In addition, in an embodiment of the present invention, the data signal modulated on the carrier signal in the first time interval is identical for each piece of audio content of the plurality of pieces of audio content. The identification of said so called start signal triggers the beginning of the actual process of identifying a specific piece of audio content based on demodulating the data signals corresponding to the second to fifth time intervals, which are characteristics for each piece of audio content of the plurality of pieces of audio content. In doing so, all data signals received before said start signal are ignored in the process of identifying a specific piece of audio content. Said start signal thus allows efficiently avoiding any erroneous identifications of a piece of audio content, which could be caused by starting a specific piece of audio content not from the beginning. Hence, the probability of performing a misdetection of a specific piece of audio content is greatly reduced by the inclusion of such an identical start signal for all of the plurality of pieces of audio content. Hence, a great reliability is achieved in the process of identifying a specific piece of audio content.
Moreover, in an embodiment according to the present invention, the process of trying to identify a played back specific piece of audio content is performed already after having received and demodulated merely the second or merely the second and the third data signal, instead of performing said identification only after having received and demodulated the data signals corresponding to all five time intervals. In this way, it is possible to significantly speed up the process of identifying a specific piece of audio content, since it is not necessary to wait until the data signals corresponding to all four (or five) time intervals have been received and demodulated.
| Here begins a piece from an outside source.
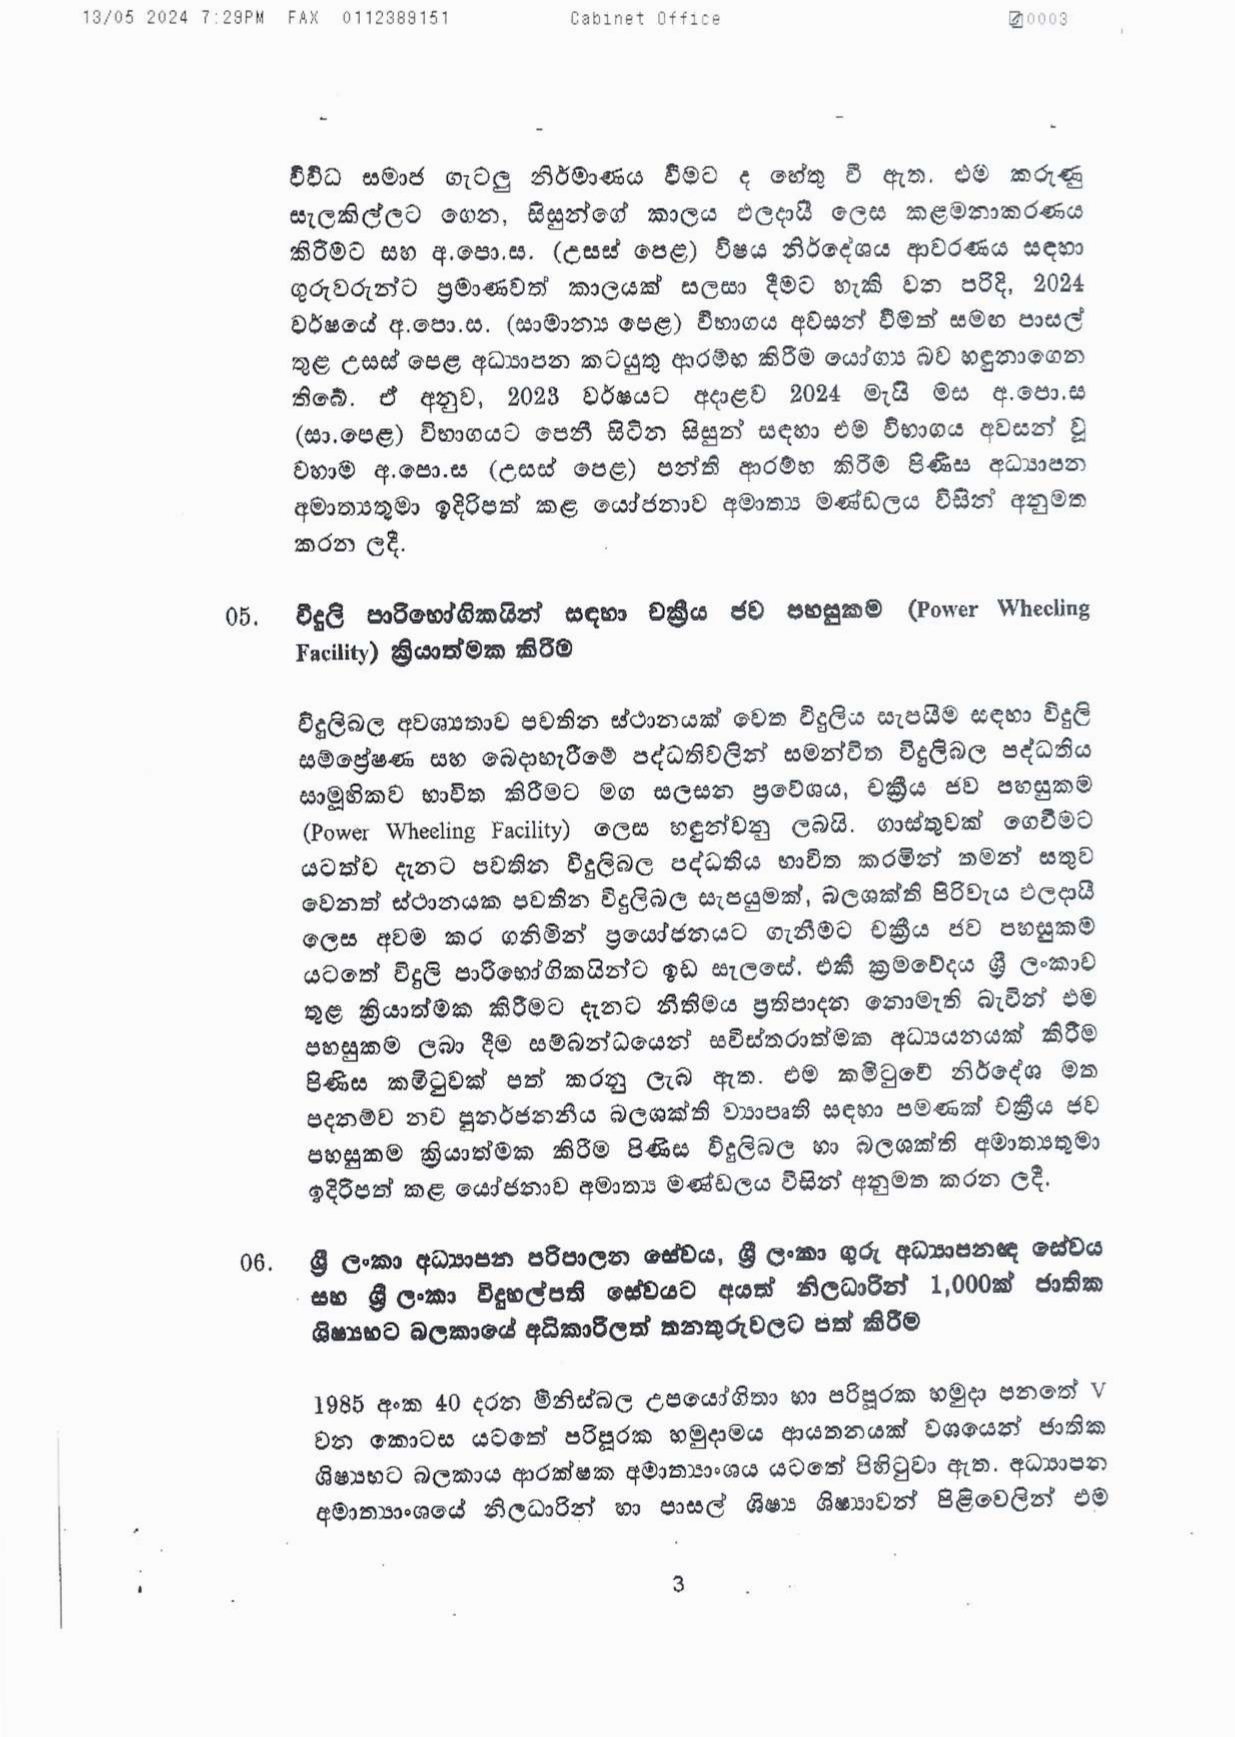 Cabinet Decisions on 13.05.2024 compressed page 00031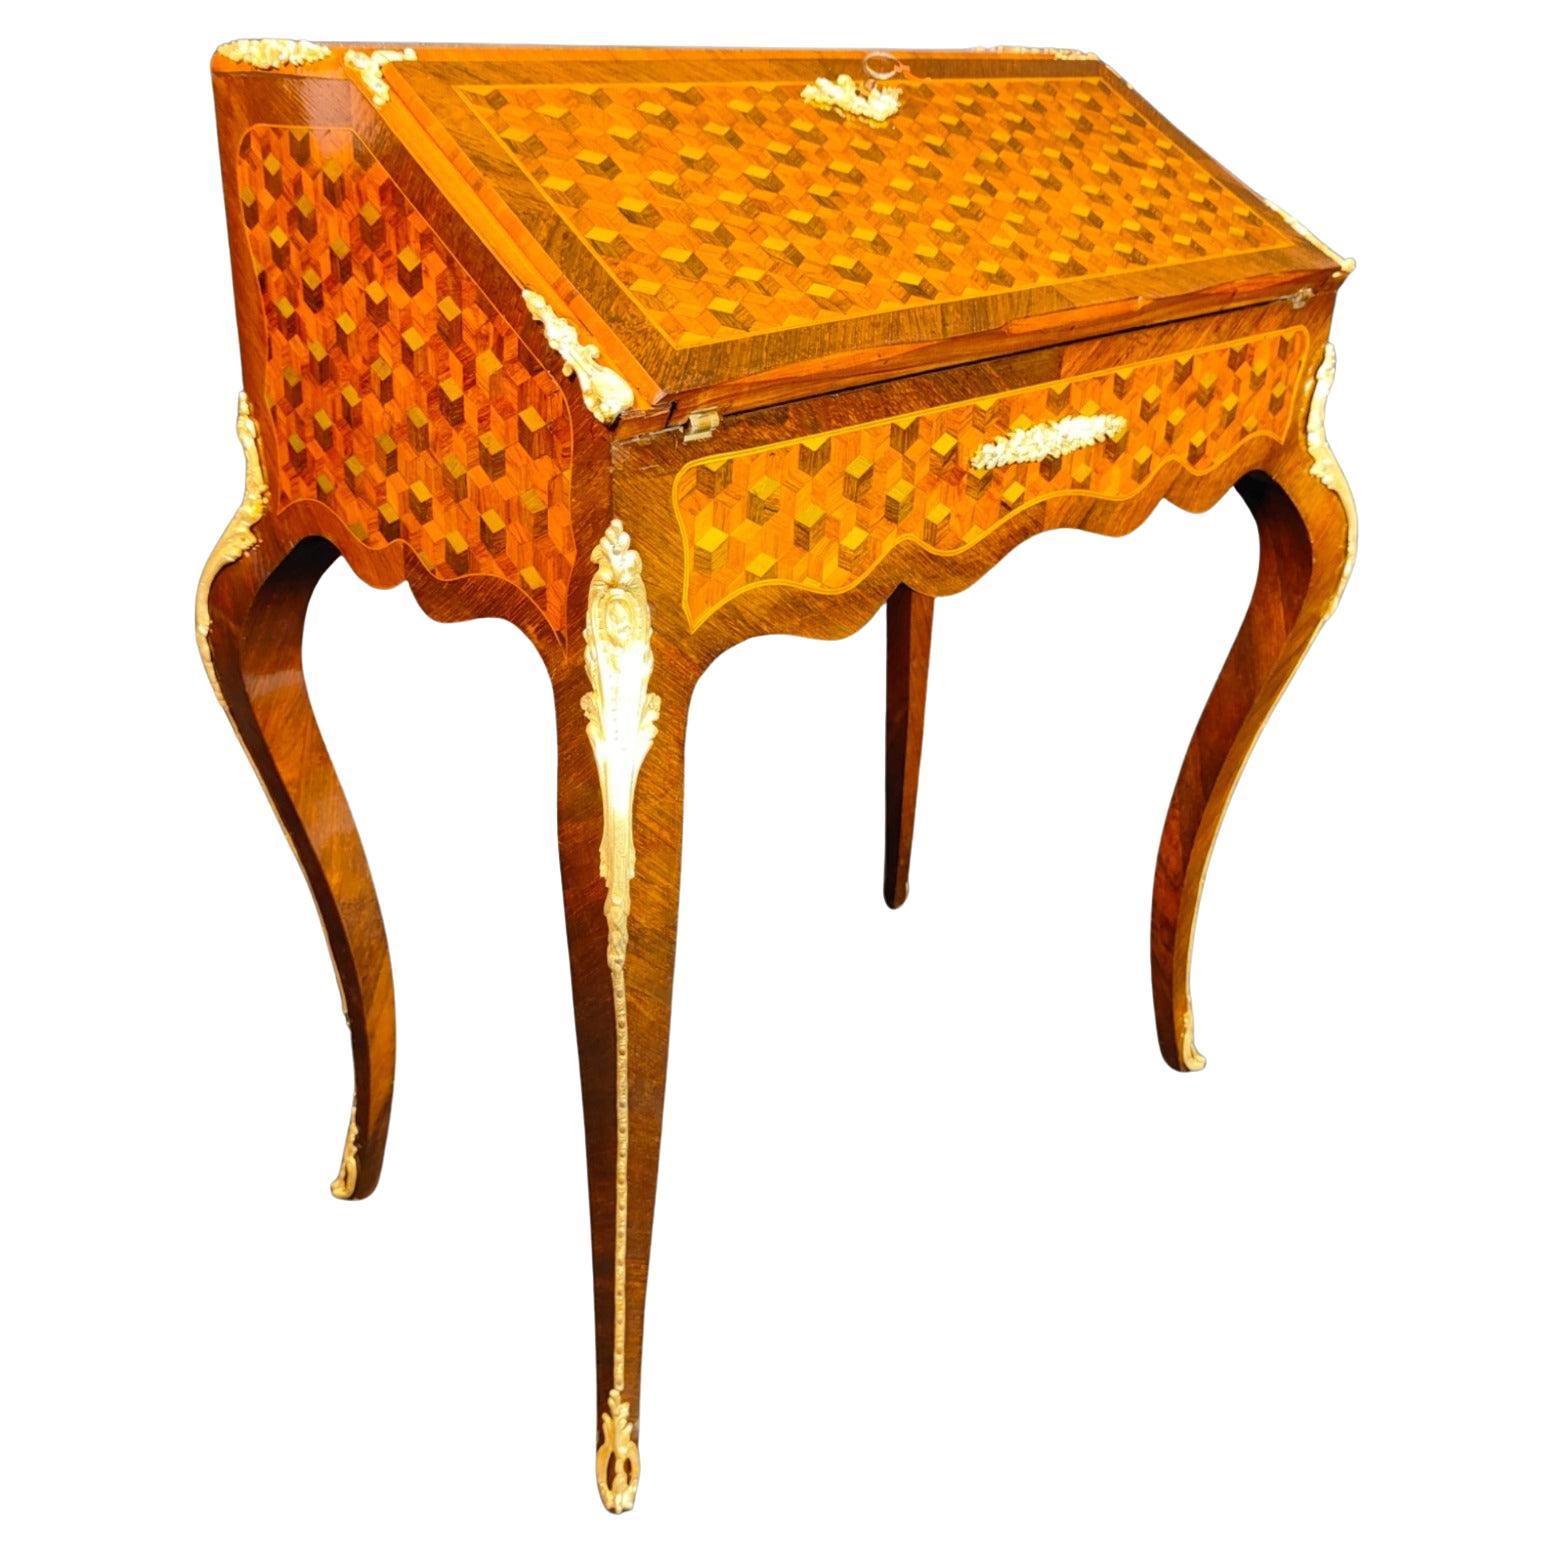 FRENCH DESK WITH XIX CENTURY MARQUETRY ELEGANT 19th CENTURY

Hence, the additional content corresponding to the identified specific piece of audio content can be quickly rendered on the mobile device.
In a further attempt to realize a fast identification process for a specific piece of audio content, in embodiments of the present invention, a look-up table comprising a mapping between the identification numbers of the plurality of pieces of audio content and their corresponding additional contents is cached locally in the memory of a mobile device.
However, even when implementing said possibility of locally identifying a specific piece of audio content, it is made sure in embodiments of the present invention that the last part of the identification number of a specific piece of audio content corresponding to the data signal of the fifth time interval can only be verified by a server. Hence, the complete identification number has to be transmitted to a server for a final check and confirmation. By doing so, the overall security of a system and method according to the present invention is greatly enhanced, since it is made sure that a compromised application on the mobile device or a man-in-the-middle attack can be detected.
In addition, in order to further enhance the overall security, said last part of the identification number is transmitted from the mobile device to the server in the form of a hash generated from the identification number in the embodiments of the present invention.
Other advantages may become apparent from the following detailed description when taken in conjunction with the drawings.
The subject matter of the invention will be explained in more detail in the following text with reference to exemplary embodiments, which are illustrated in the attached drawings, of which:
The mobile device 110 comprises at least a display 111, a network connecting device 112 such as an antenna, a WIFI receiver etc., a memory 114 including a cache 115 and an audio signal transmitter 116 such as e.g. a loudspeaker and an audio signal receiver 117 such as e.g. a microphone. Hereby, the audio signal transmitter 116 and the audio signal receiver 117 may be separate devices or may be combined to form a single device.
Further, the mobile device 110 contains at least two applications that are presented to a user on the display 111. An identifying application 118 available on the mobile device 110 is capable of displaying additional content related to a specific audio content on the display 111 in response to identifying said specific audio content such as for example a piece of music received by the audio signal receiver 117 of the mobile device 110. An example for said identifying application 118 is the soundmilez application. A second streaming application 119 that is available on the mobile device 110 is a streaming application such as e.g. Spotify, iTunes, youtube etc., which is configured to play back audio content and/or combined audio and video content such as for example a specific piece of music. In the following, the description merely illustrates the case of said content being audio content for the sake of simplicity.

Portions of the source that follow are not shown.